--- Stored data Enclosed Below ---

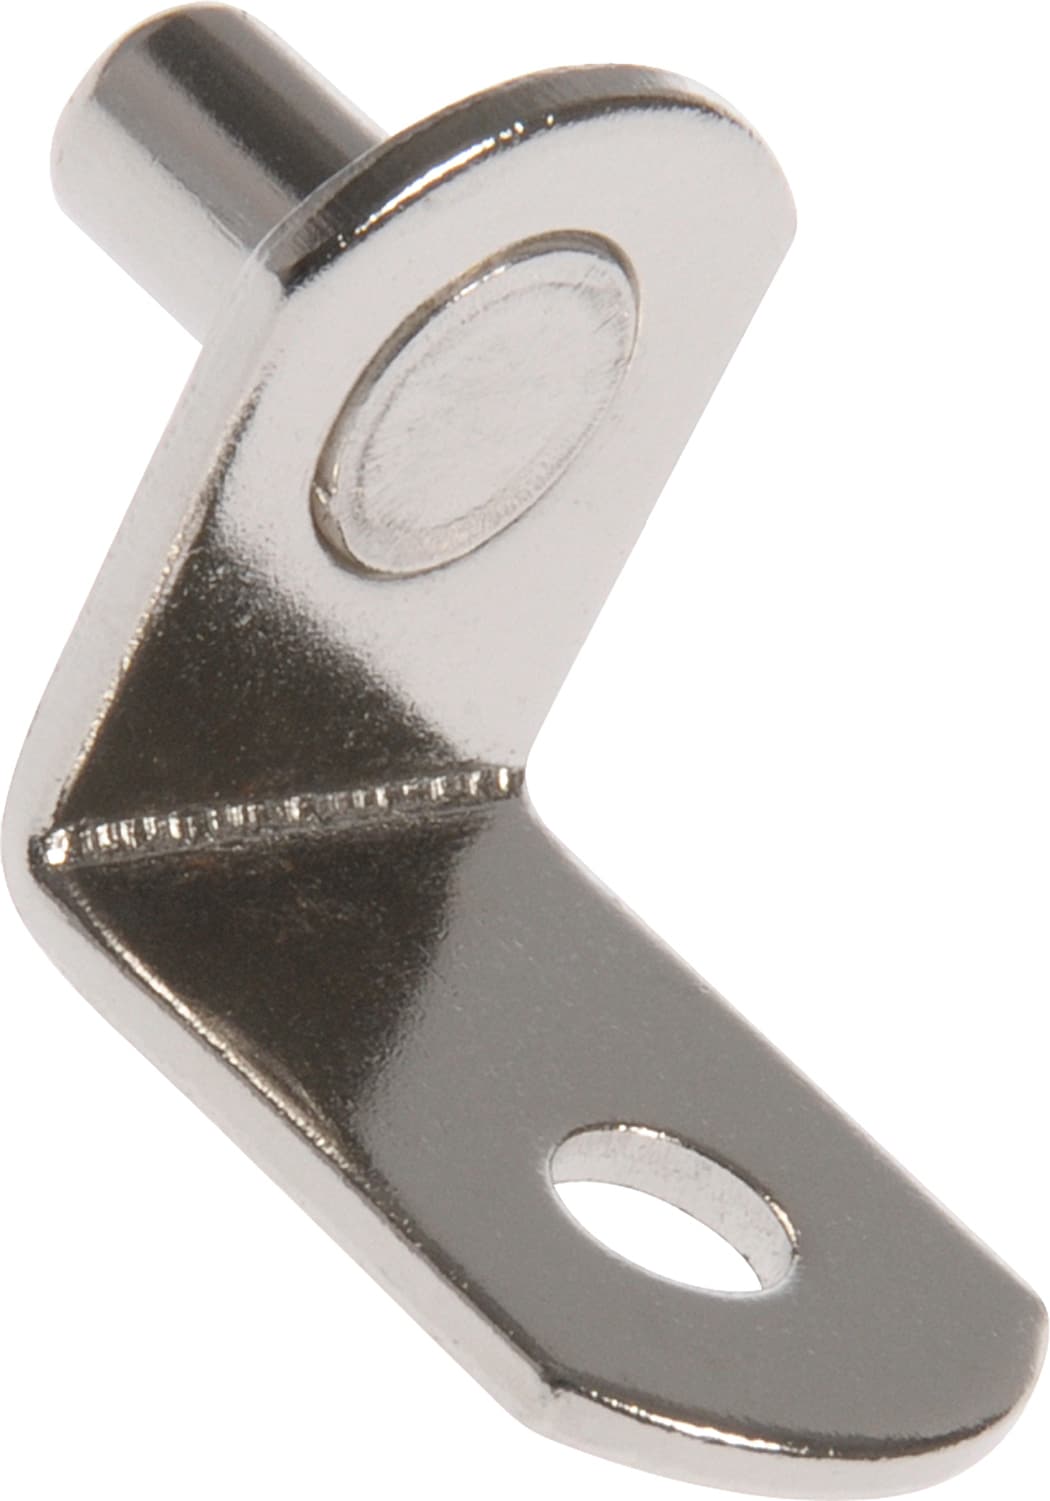 Shelf pins Shelving Brackets & Hardware at
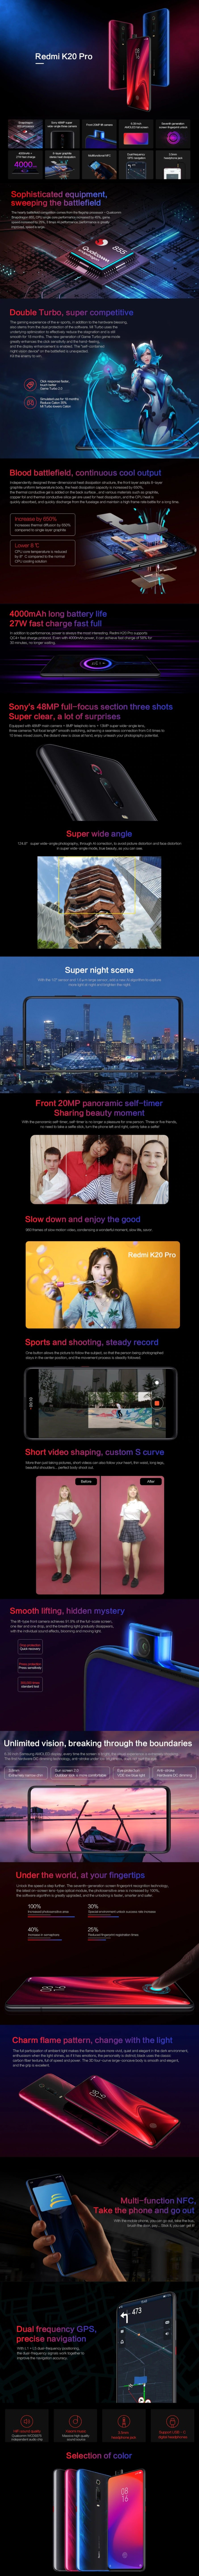 Black Friday Sale - Xiaomi Redmi K20 Pro 4G Phablet
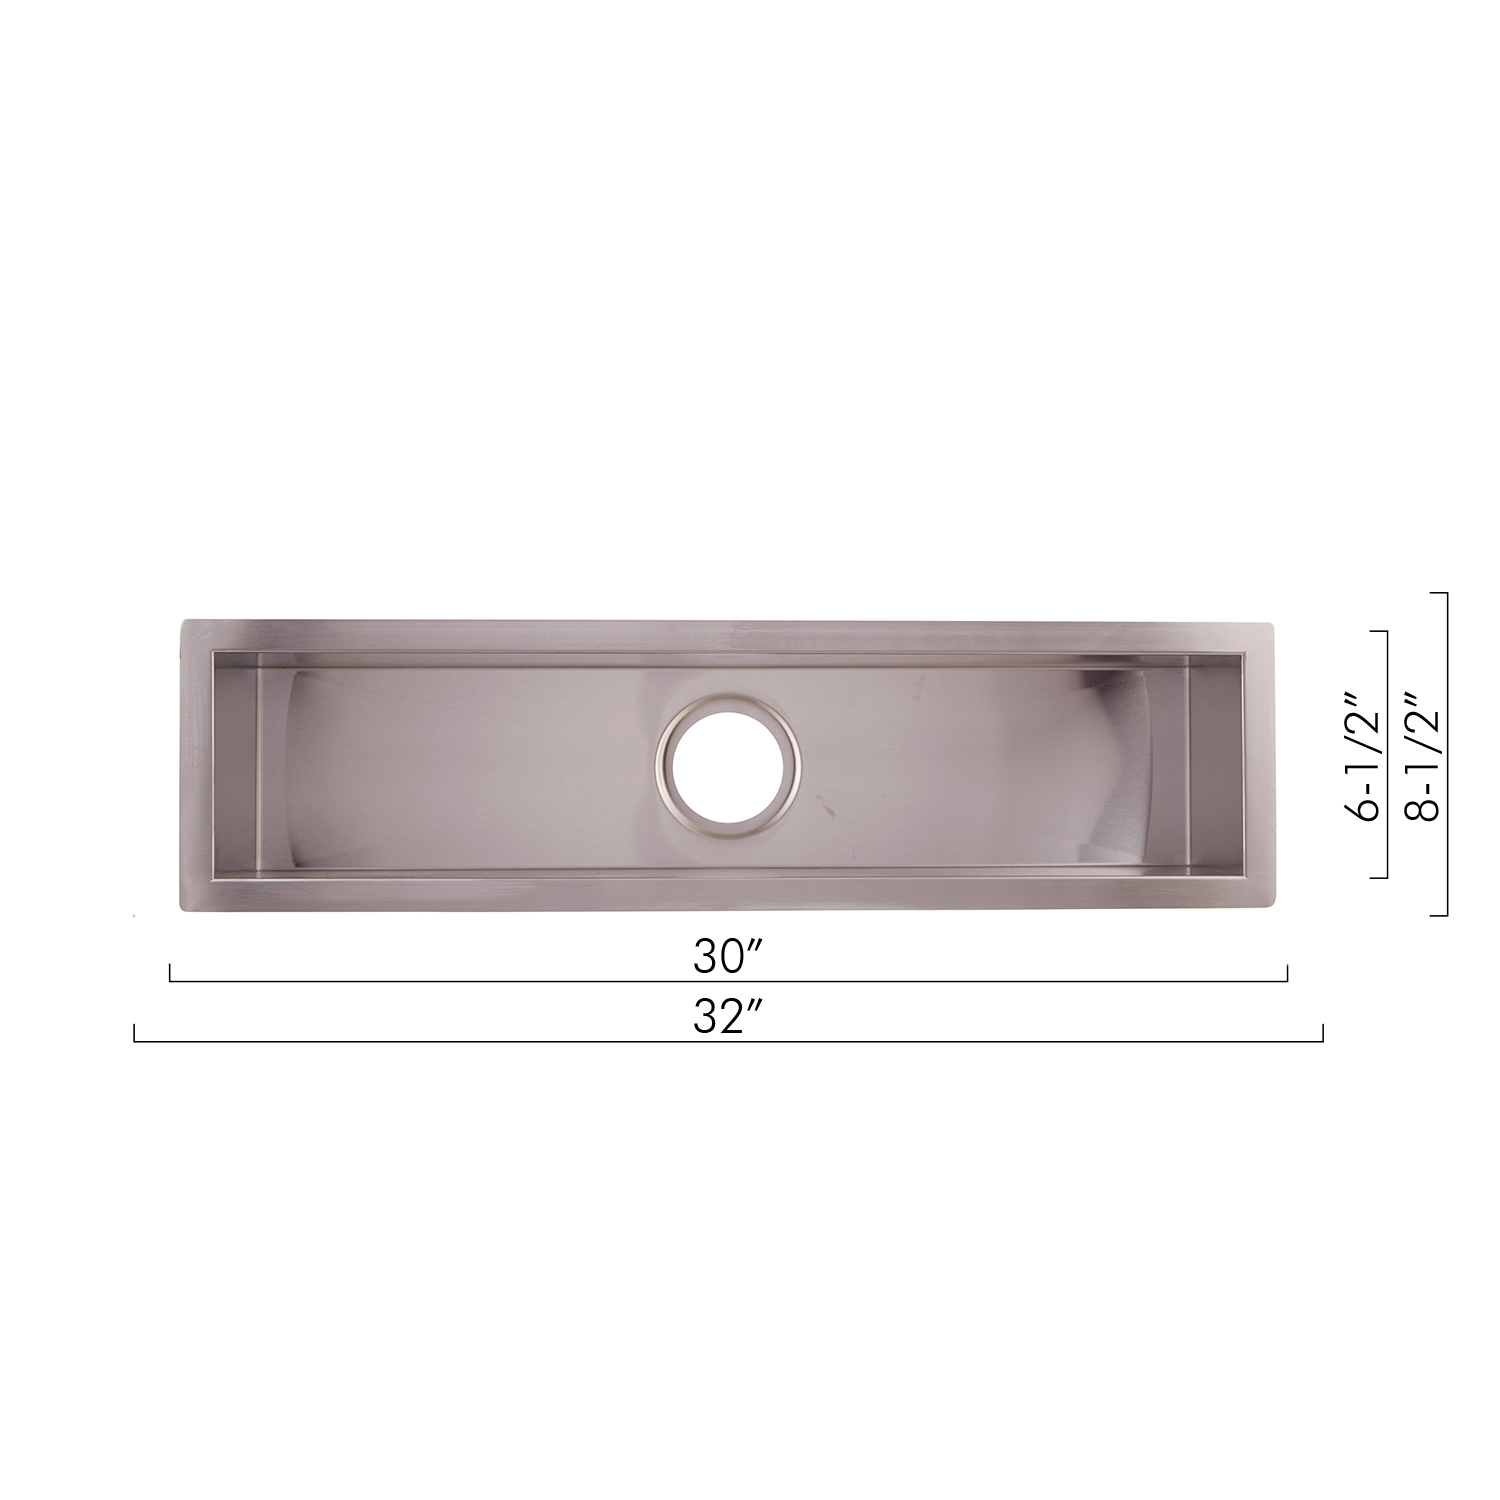 DAX Handmade Undermount Bar Sink, 16 Gauge Stainless Steel, Brushed Finish, 32 x 8-1/2 x 6 Inches (DAX-SQ-3285)
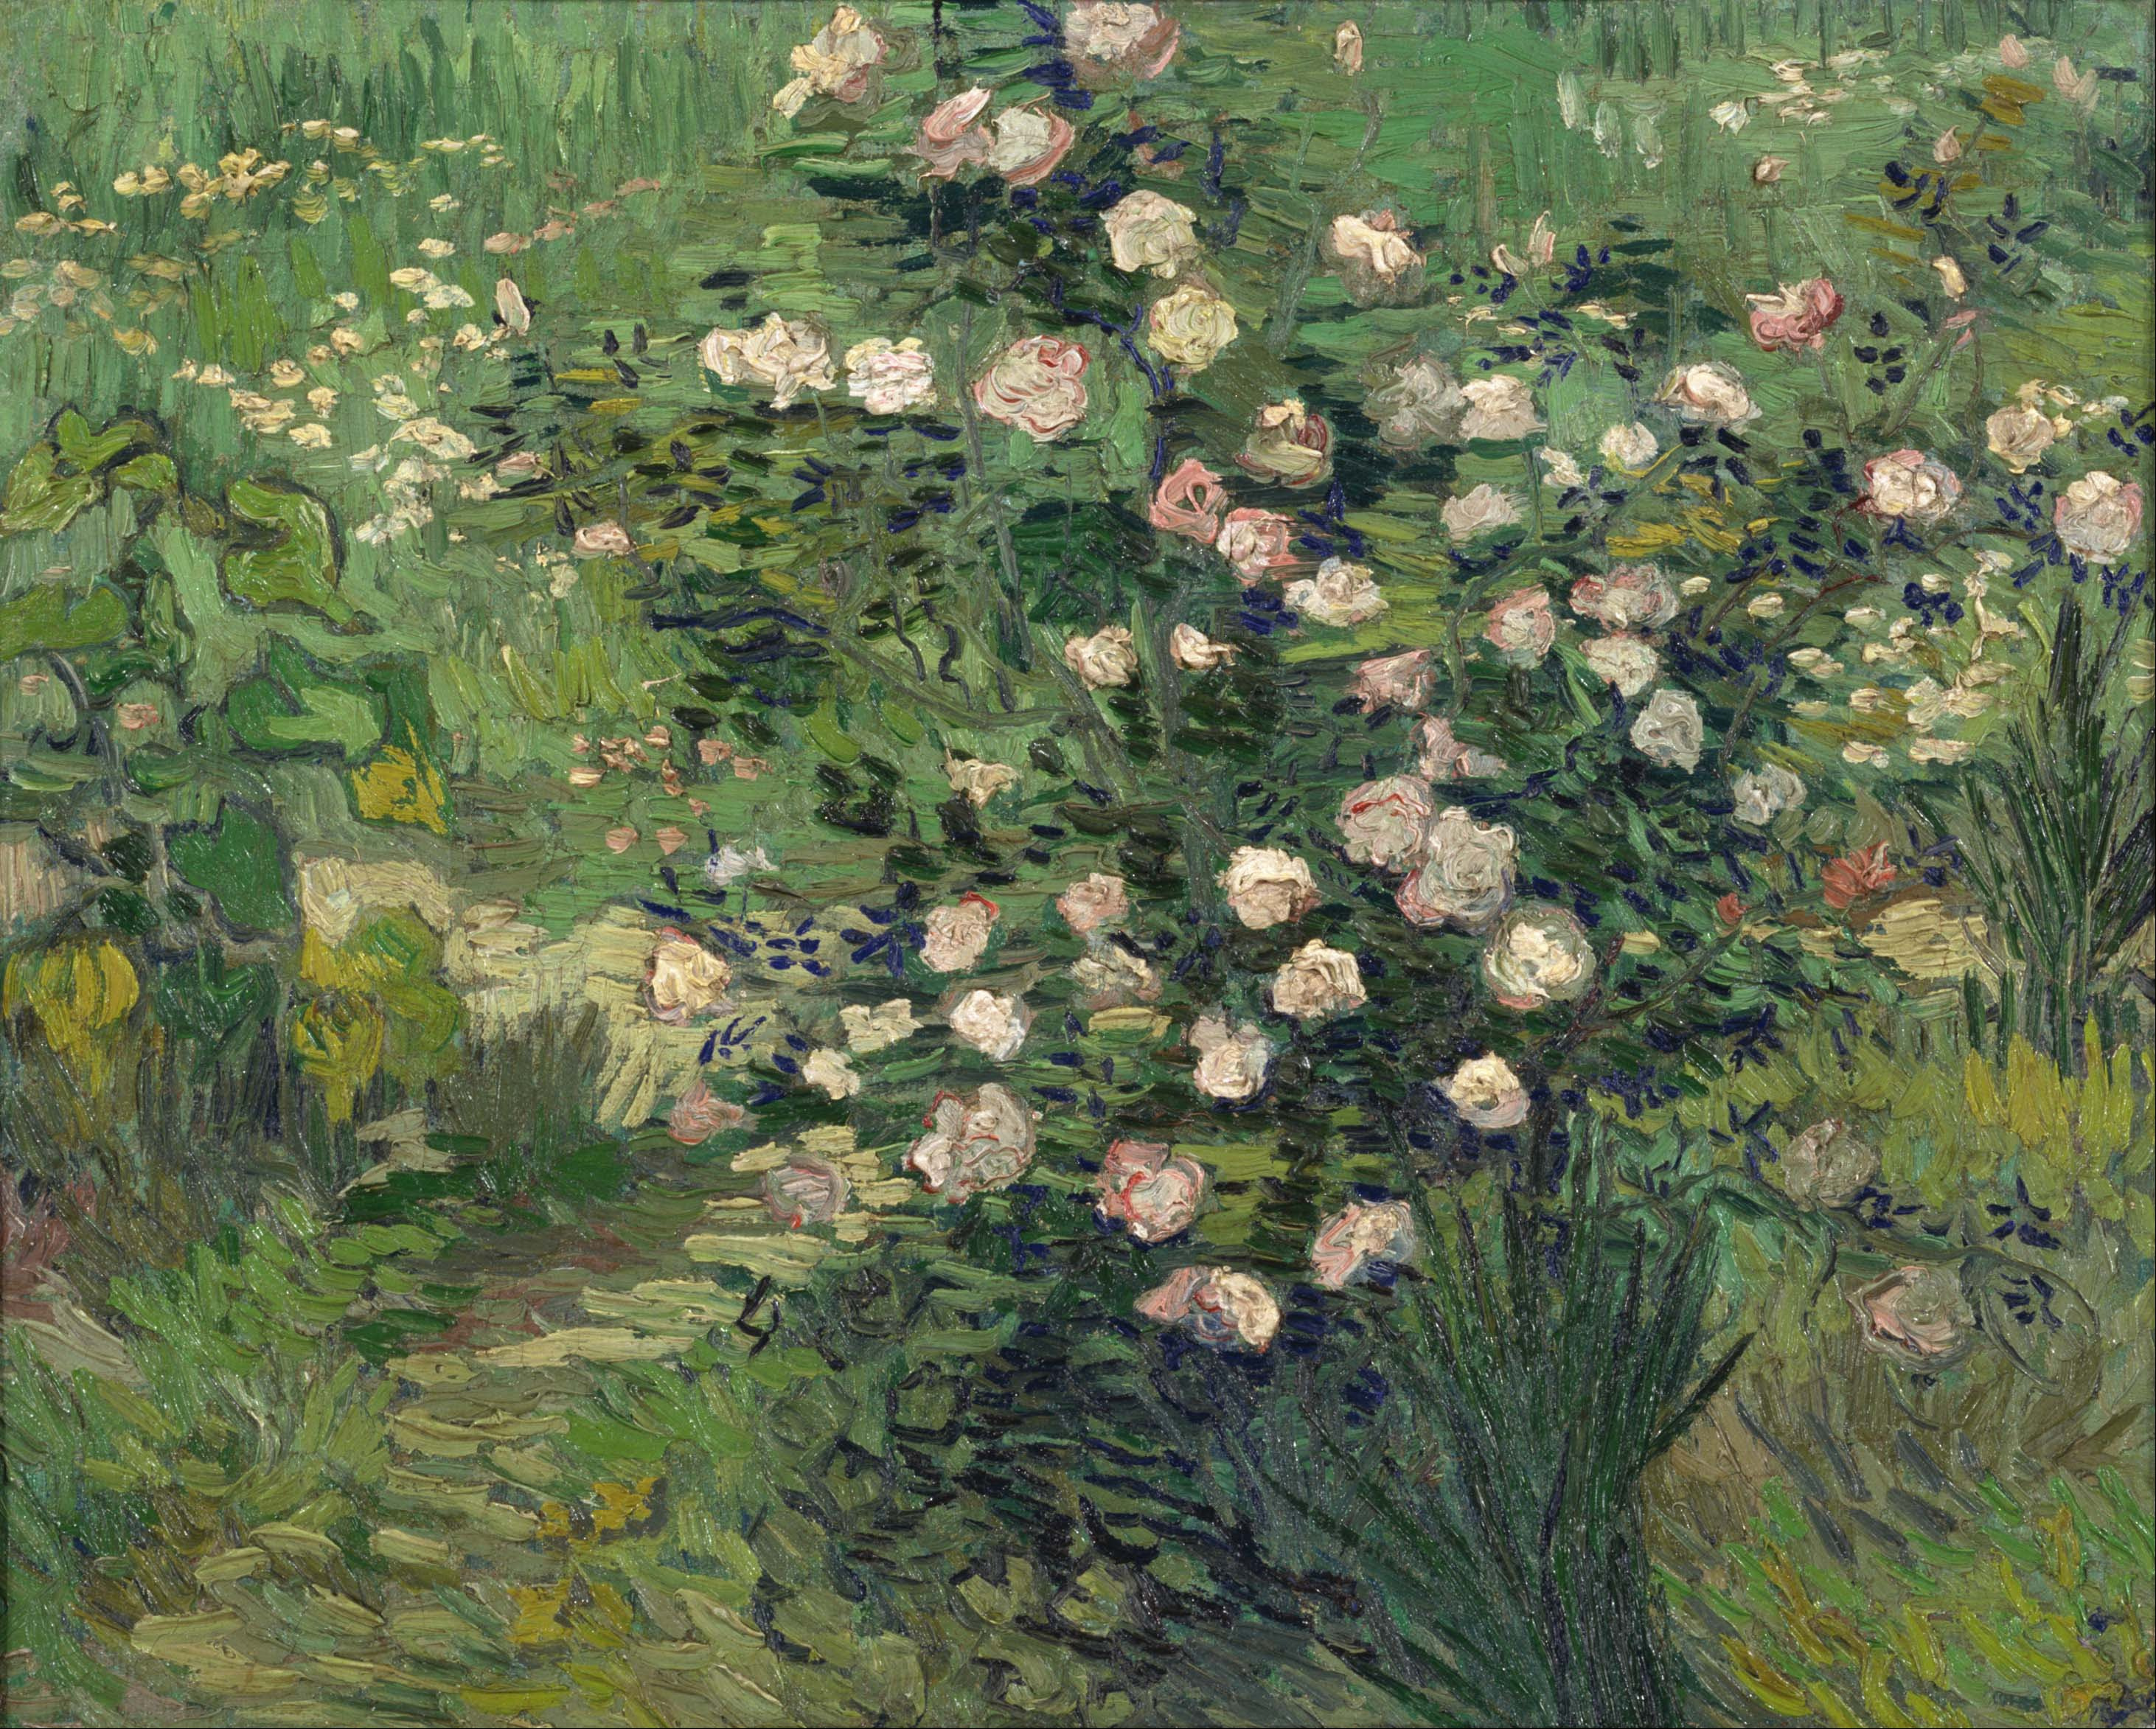 Róże by Vincent van Gogh - 1889 - 41.3 x 33.0 cm

--- End of Enclosed Stored data ---

▶ **The problem**
Take the listing above and print it exactly, apart from the pictures.

▶ **Completed task**
 Shelf pins Shelving Brackets & Hardware at
 Black Friday Sale - Xiaomi Redmi K20 Pro 4G Phablet
 DAX Handmade Undermount Bar Sink, 16 Gauge Stainless Steel, Brushed Finish, 32 x 8-1/2 x 6 Inches (DAX-SQ-3285)
 Róże by Vincent van Gogh - 1889 - 41.3 x 33.0 cm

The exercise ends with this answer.